** Data for review follows **

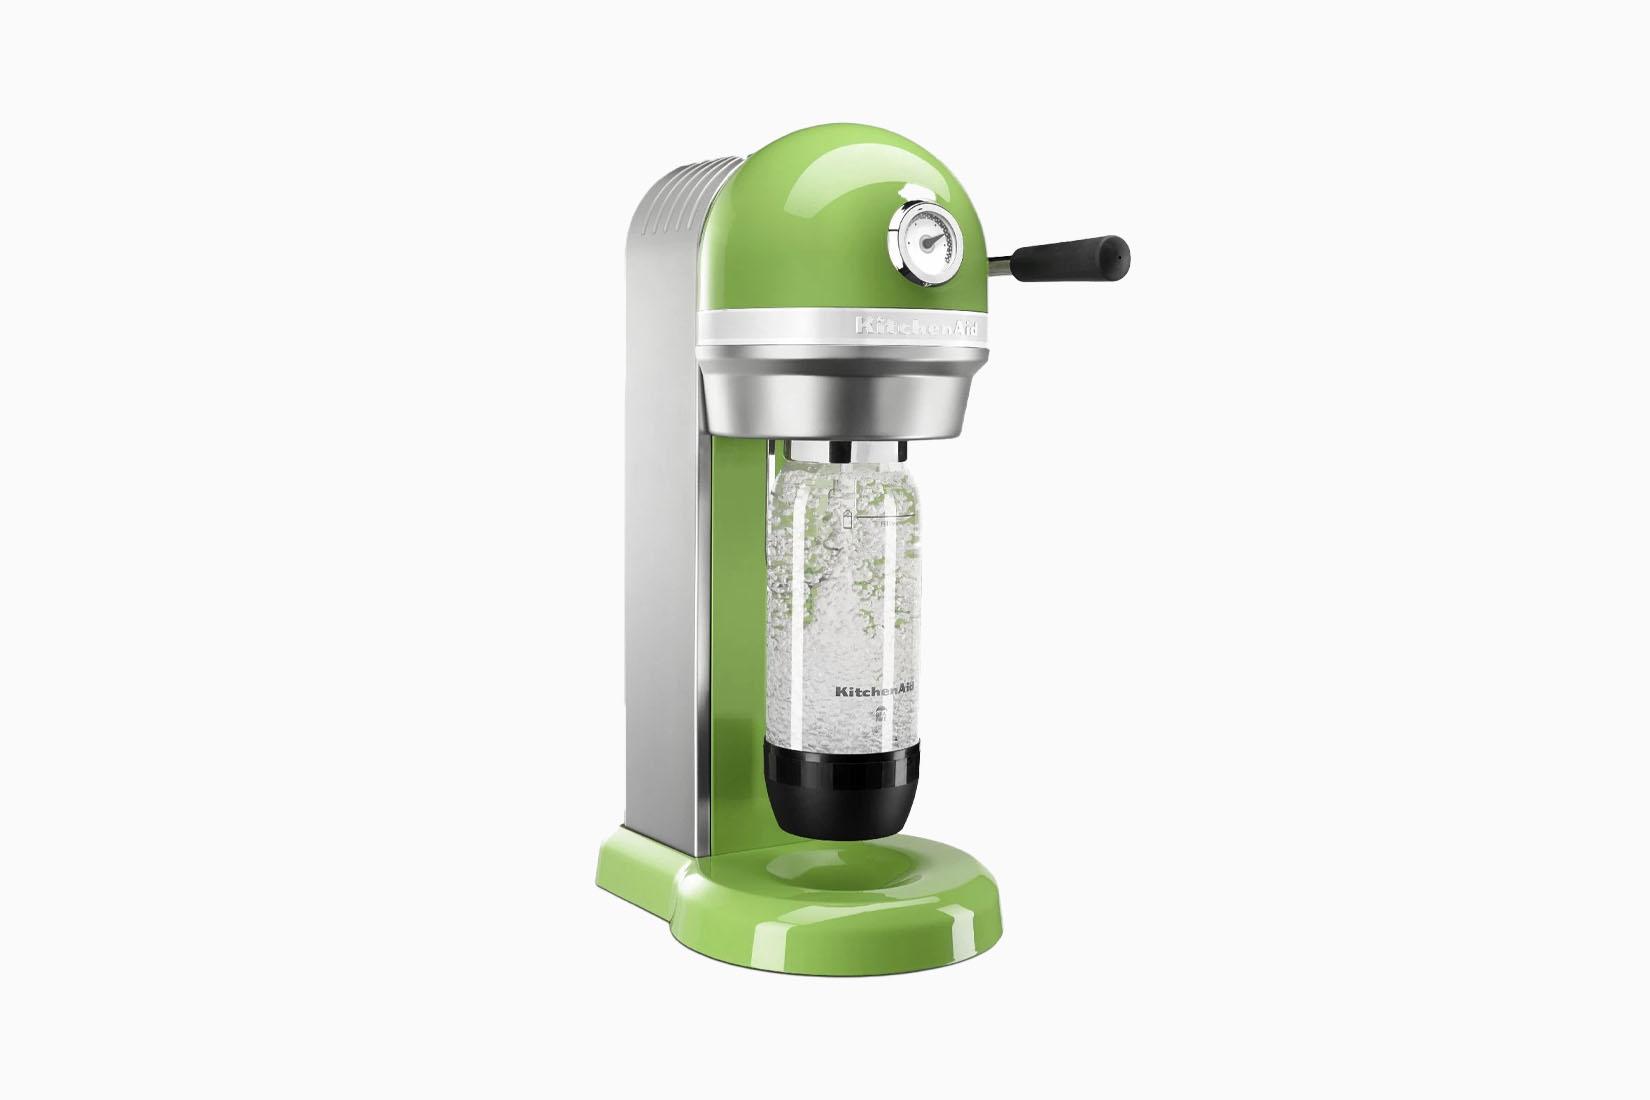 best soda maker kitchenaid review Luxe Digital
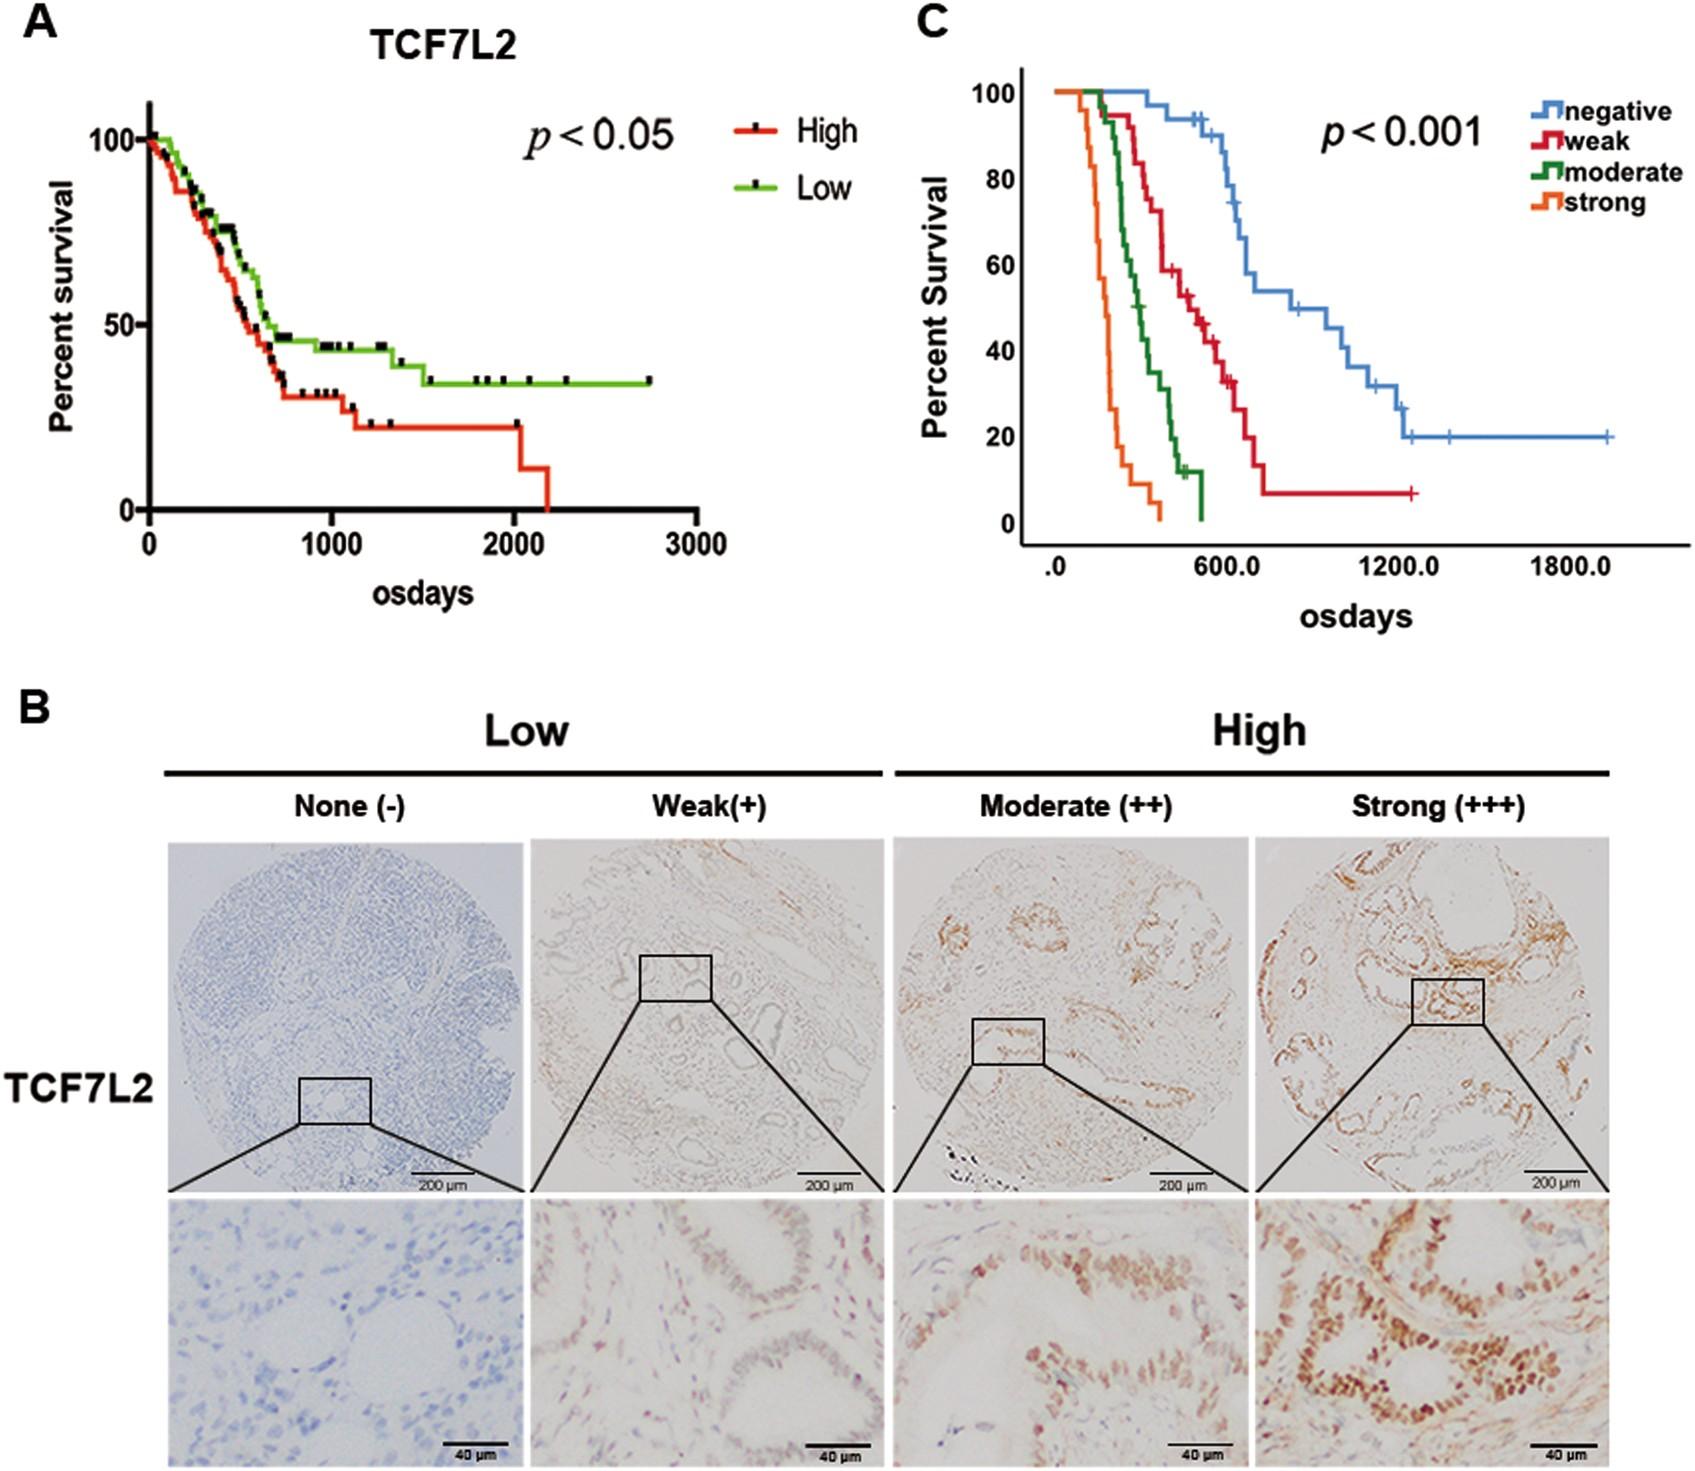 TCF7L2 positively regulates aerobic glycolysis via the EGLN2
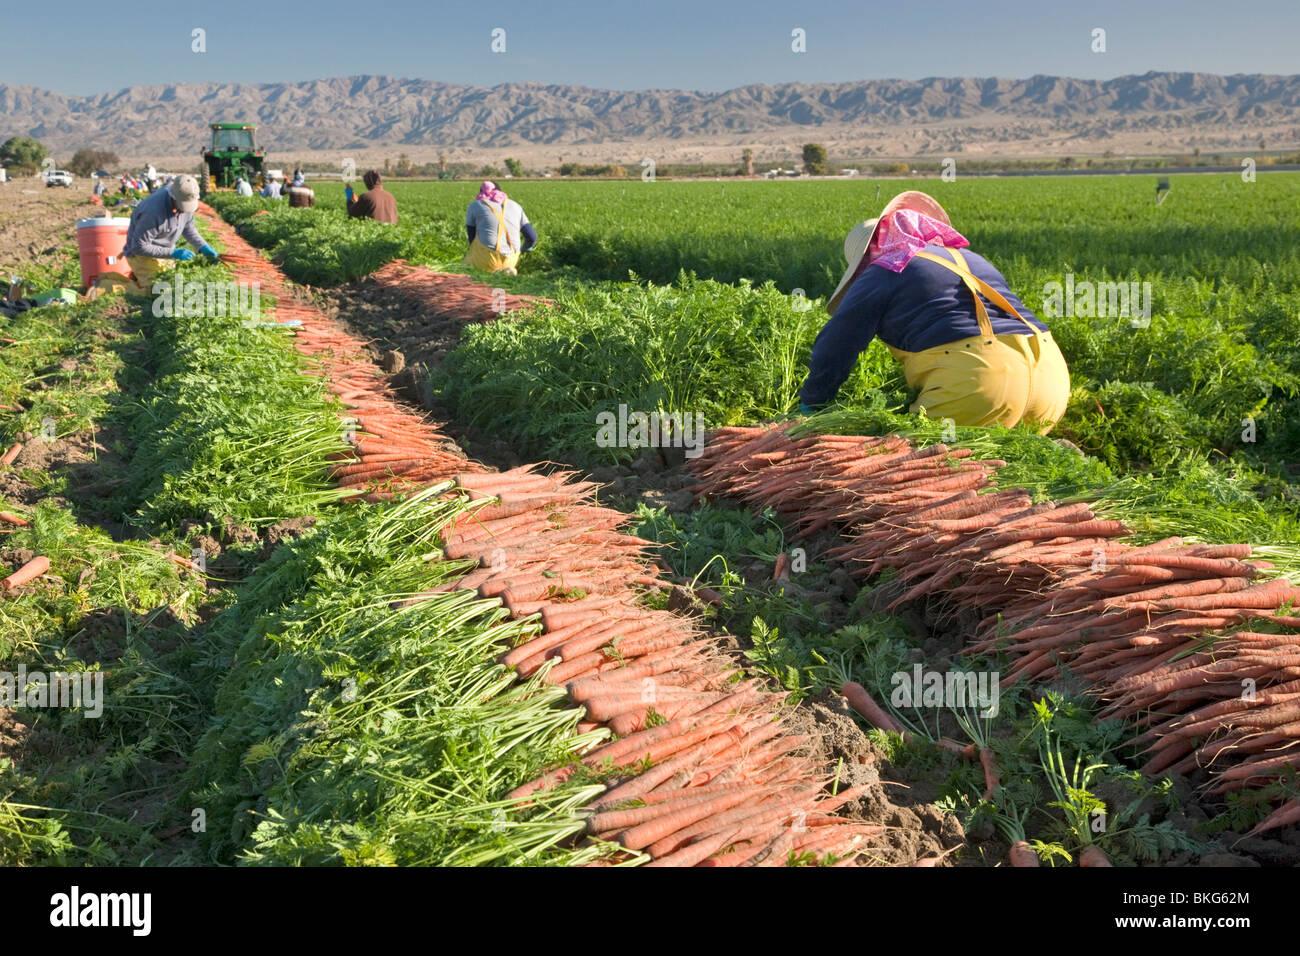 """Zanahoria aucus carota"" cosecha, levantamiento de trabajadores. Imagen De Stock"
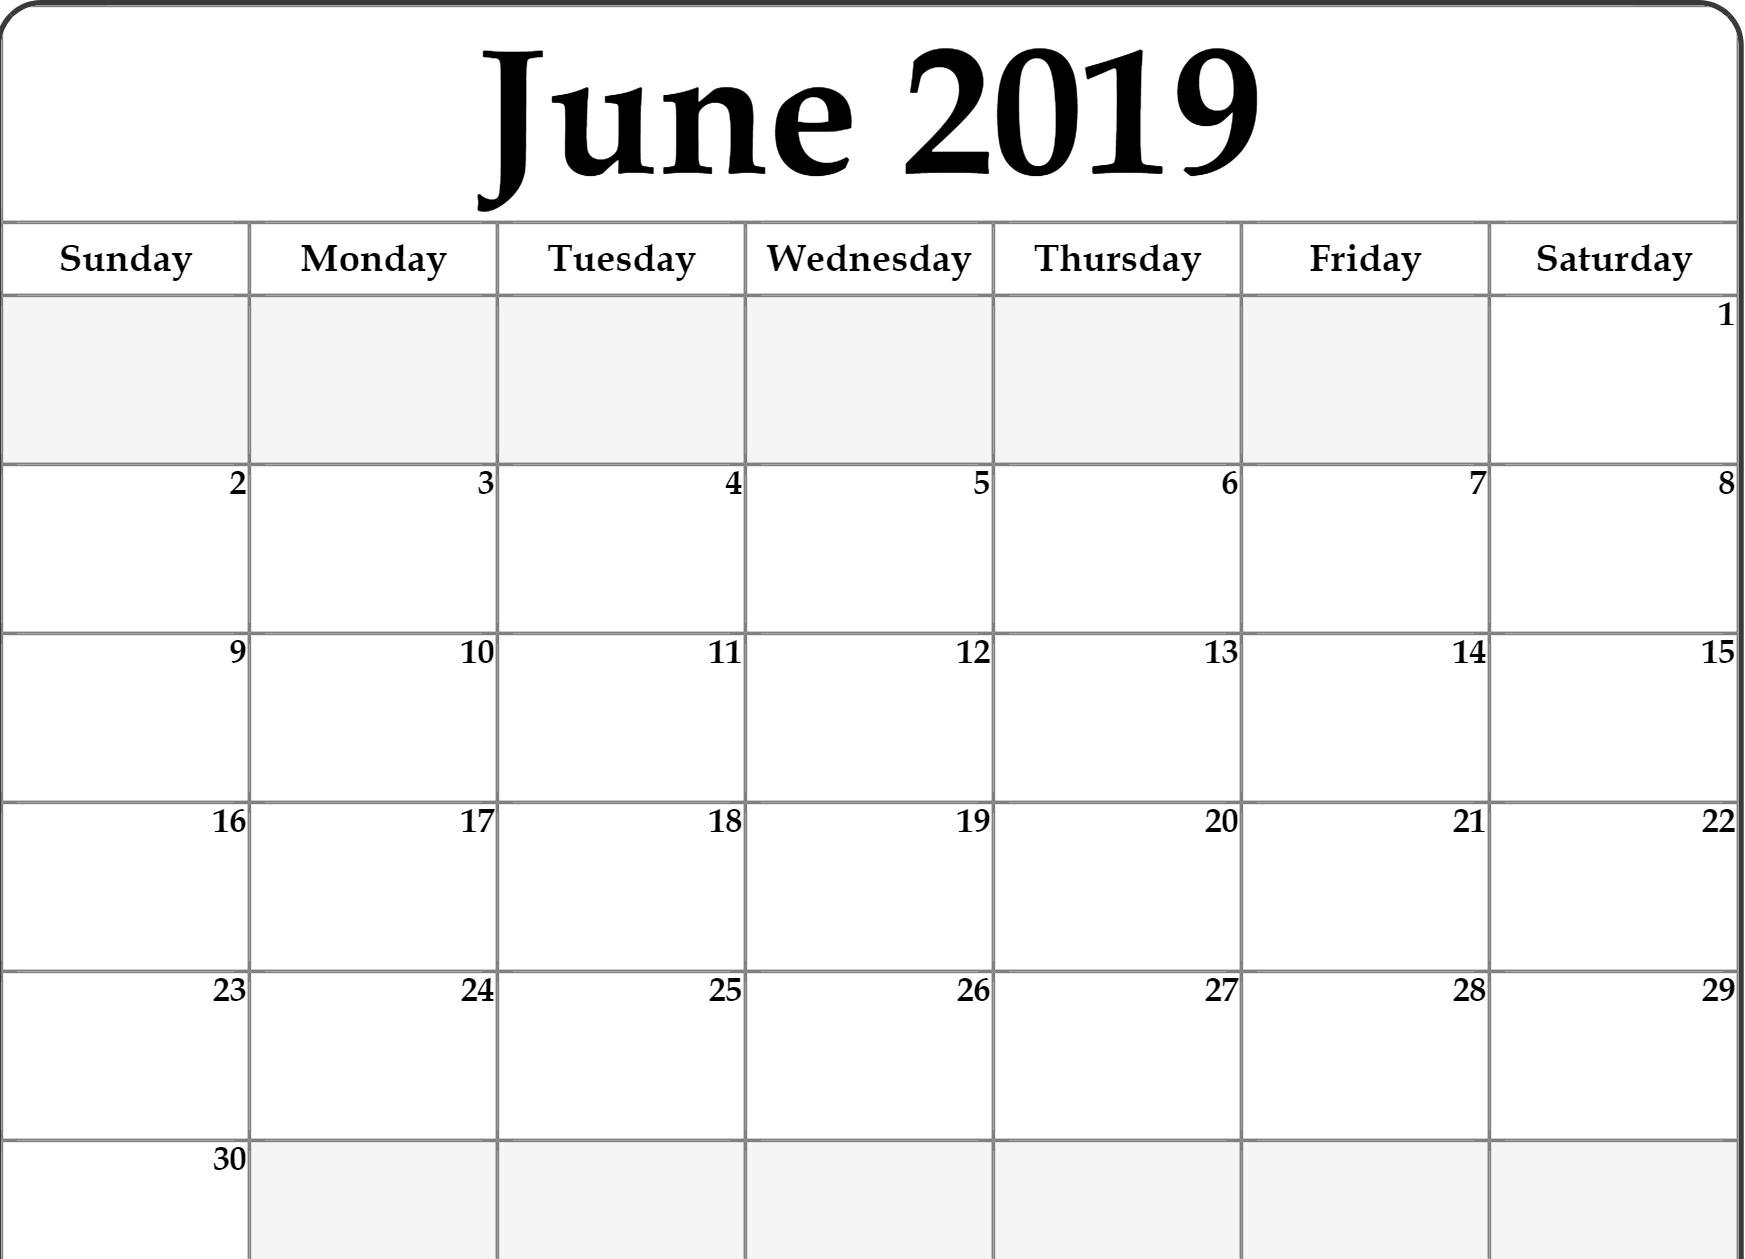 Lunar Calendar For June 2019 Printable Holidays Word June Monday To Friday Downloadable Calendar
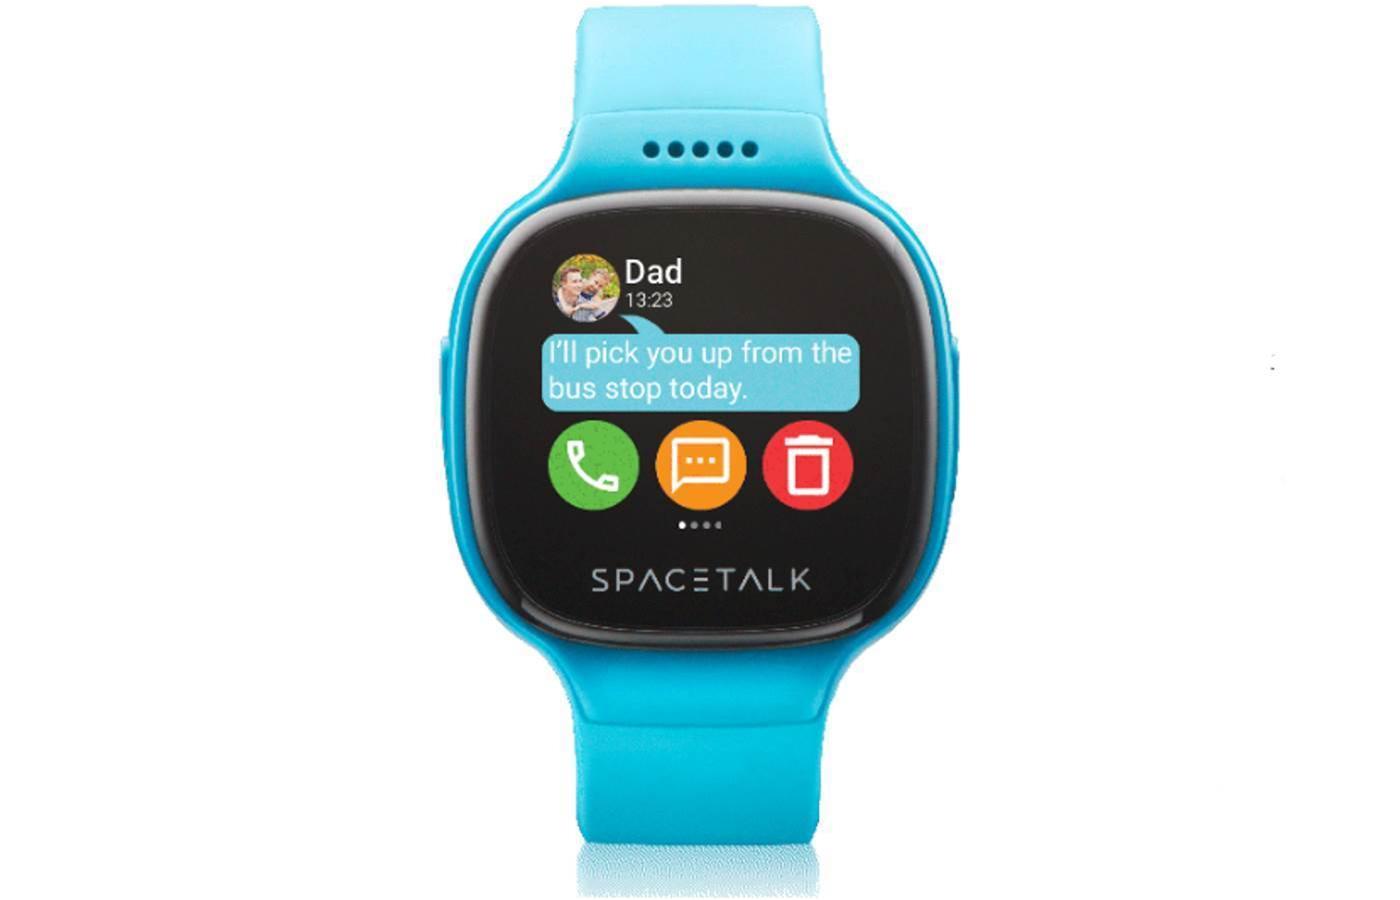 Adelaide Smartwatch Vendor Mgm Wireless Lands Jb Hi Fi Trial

** End of Data for review **

Required work: Nothing but the lines from the one with "TCF7L2 positively regulates" through the end of the entries above, both included, should be set down, exactly and without pictures.

Result of this task:
 TCF7L2 positively regulates aerobic glycolysis via the EGLN2
 """Zanahoria aucus carota"" cosecha, levantamiento de trabajadores. Imagen De Stock"
 Lunar Calendar For June 2019 Printable Holidays Word June Monday To Friday Downloadable Calendar
 Adelaide Smartwatch Vendor Mgm Wireless Lands Jb Hi Fi Trial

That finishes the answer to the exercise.